In fact I could imagine them serenading Han and Chewbacca and Princess Lea and Luke before setting out across the galaxy in the Millennium Falcon in pursuit of evil-doers.
They had two wimpy canisters, one with a bag so tiny it would have had to be changed after one outing.
“So I thought Wal*Mart had everything, Jack;” said my wife. “I thought Wal*Mart was supposed to be the greatest store in the universe.”
A gigantical online search for canister alternatives ensued.
One result was the dreaded Sears, which had a canister-unit adjudged by Consumer-Reports to be a “best-buy:” incredible performance for only 300 smackaroos.
But unlike the typical cowed Dubya-worshipping REPUBLICAN American, just buying the thing online and hoping for the best, she had the awful temerity and unmitigated gall and horrific audacity to wanna see it in-the-flesh.
This meant a trip to mighty Sears — and the all-powerful Tim Belknap of the mighty Mezz suggested there was a Sears at Eastview Mall, and that would be closer than the Sears I have gone to before at MarketPlace Mall in Henrietta.
But we had never been to Eastview before — no reason. So that meant finding the Sears in the maelstrom that is Eastview.
So yesterday (Friday, March 30, 2007), after the Canandaigua YMCA, we set out for Eastview.
Thankfully, Sears is an anchor-store at Eastview, meaning it occupies an entire wing. If I couldn’t have found it that easily, I would have gone to MarketPlace.
We then treaded gingerly into the store, and found the vacuum-cleaners after going through a Land’s-End section (what..........).
This wasn’t my gig; I could stand back and take in all the sordid developments.
“Is there something I can help you with?” a kindly salesman asked.
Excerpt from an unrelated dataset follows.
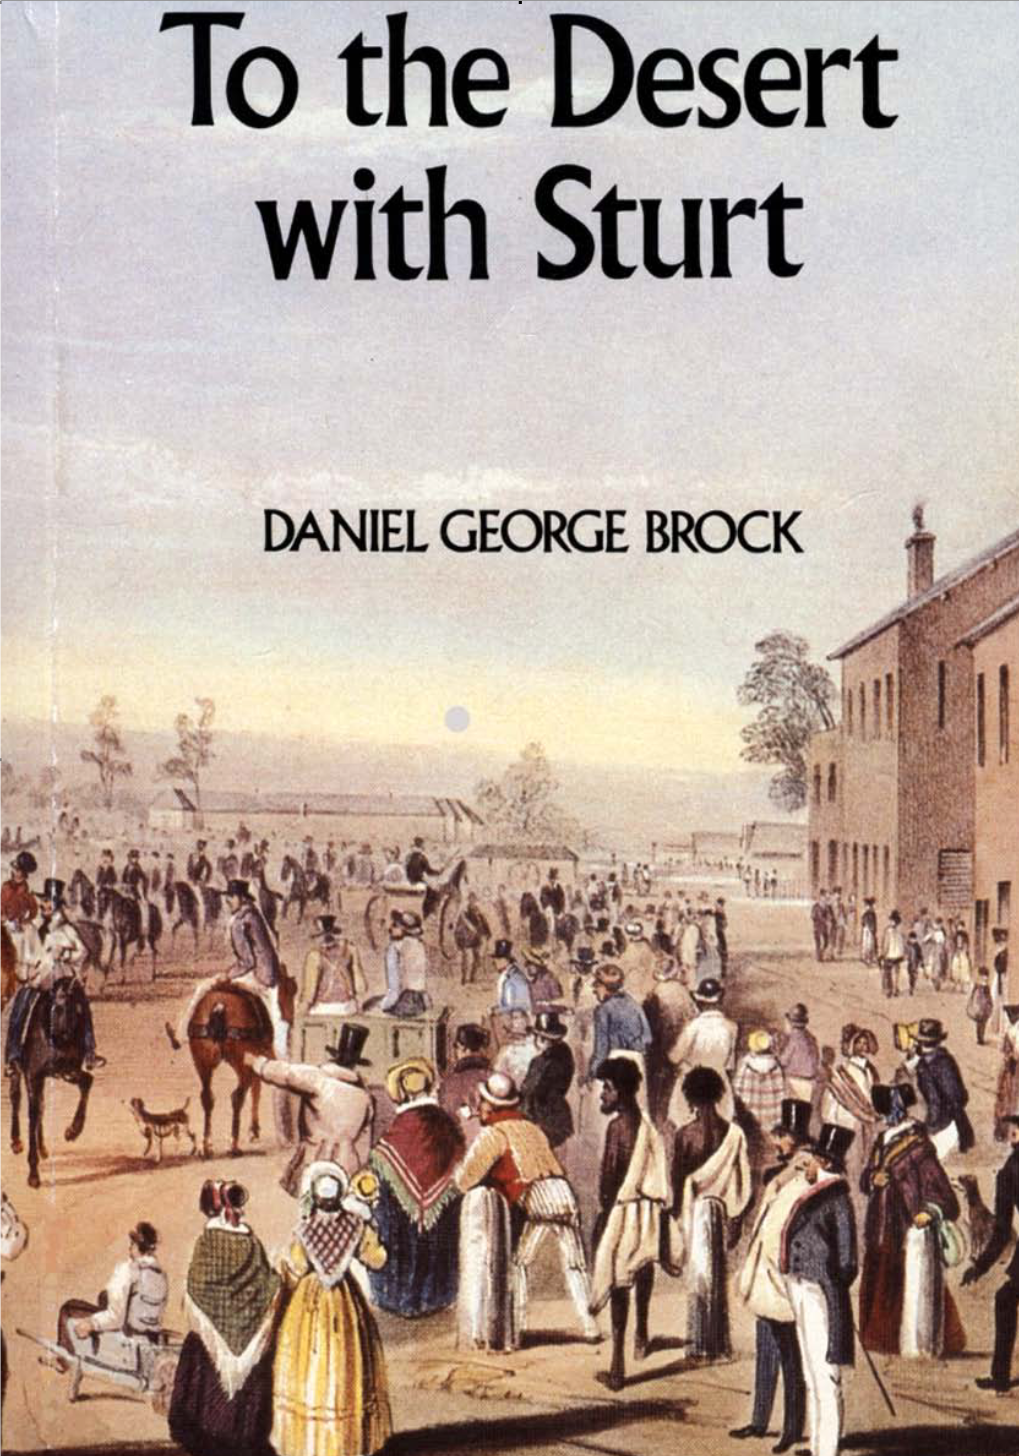 To the Desert with Sturt by Daniel George Brock

“Is this the (insert model-number here)?’ my wife asked; “on sale for $299.95?”
“Yes, this is it,” the salesman said. “What features were you looking for, ma’am?”
“Well, I prefer a bag — no bagless — and a bag big enough to not have to change it often.”
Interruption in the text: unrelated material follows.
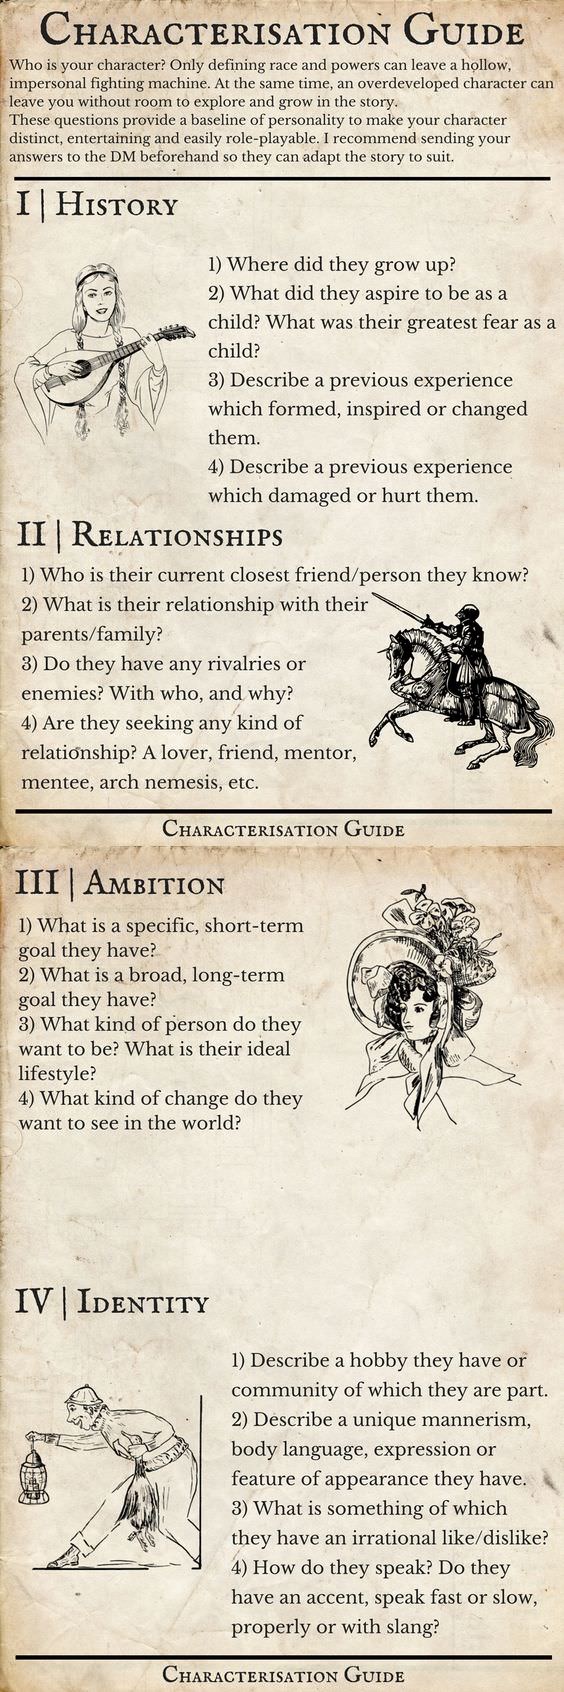 D&D meme - characterization guide - Characterisation Guide Who is your character? Only defining race and powers can leave a hollow, impersonal fighting machine. At the same time, an overdeveloped character can leave you without room to explore and grow in

Everything on display had a motorized power-head for doing rugs.
“We don’t need that,” I said. “Anything without a power-head?”
“Well, all the canisters made nowadays have powerheads.”
What we were being shown was a whole-house vacuum-cleaner, but we already have the 454.
“I guess what will best fulfill your needs is this tiny bagless Dirt-Devil hand-held.
“Yeah, but I need a bag,” my wife said; “and if the vacuum-cleaner is small enough, I have to change the bag every use.”
(At this point the almighty Bluster-King weighs in noisily telling us “to conform.”)
A number of insanities stood out:
“What’s that?” my wife cries. “Looks like dust to me. What sense does it make to have a HEPA-filter that filters out 99.9% of the dust, when you’re just throwing it back into the atmosphere when ya empty the thing?”
“Each of these units has a switch atop the power-head wand that disconnects the wand.”
“Yeah, but those are the plastical-switches everyone is complaining about in the unit-reviews,” my wife observed. “They break.”
“That’s right, ma’am,” the salesman said. “On two of the units on display here, the switches have already broken off (HMMMMMMMMMMMMM.....). The third one is more substantial, and may last longer.”
“People complain they have to attach the wand with duct-tape,” my wife said.
“Make sure ya disconnect the power-head wand before ya store the thing in the closet. If ya have clothes hanging in there (HMMMMMMMMMNNNNN; what are closets for?), they can break the hose, and a replacement-hose is a ‘hundered’ bucks.”
So finally we walked out; contrary to REPUBLICAN desires, the salesman had lost the sale, or rather his merchandise had lost-the-sale for him — he was an awfully nice guy; not a viper.
“Thanks for showing us everything,” Linda said — he wasted about 20 minutes. I could barely contain my chuckling.
I’m walking outta here with gobs of material.
And so the tortured search continues.
Eastview actually isn’t in the county Rochester is in — it’s just over-the-line in adjacent Ontario County.
MarketPlace, the largest, is near Rochester in Monroe County, and is atop the old Hylan Airport, a small FBO once owned by Ray Hylan.
All the malls made downtown Rochester a wasteland (“waist-land?”).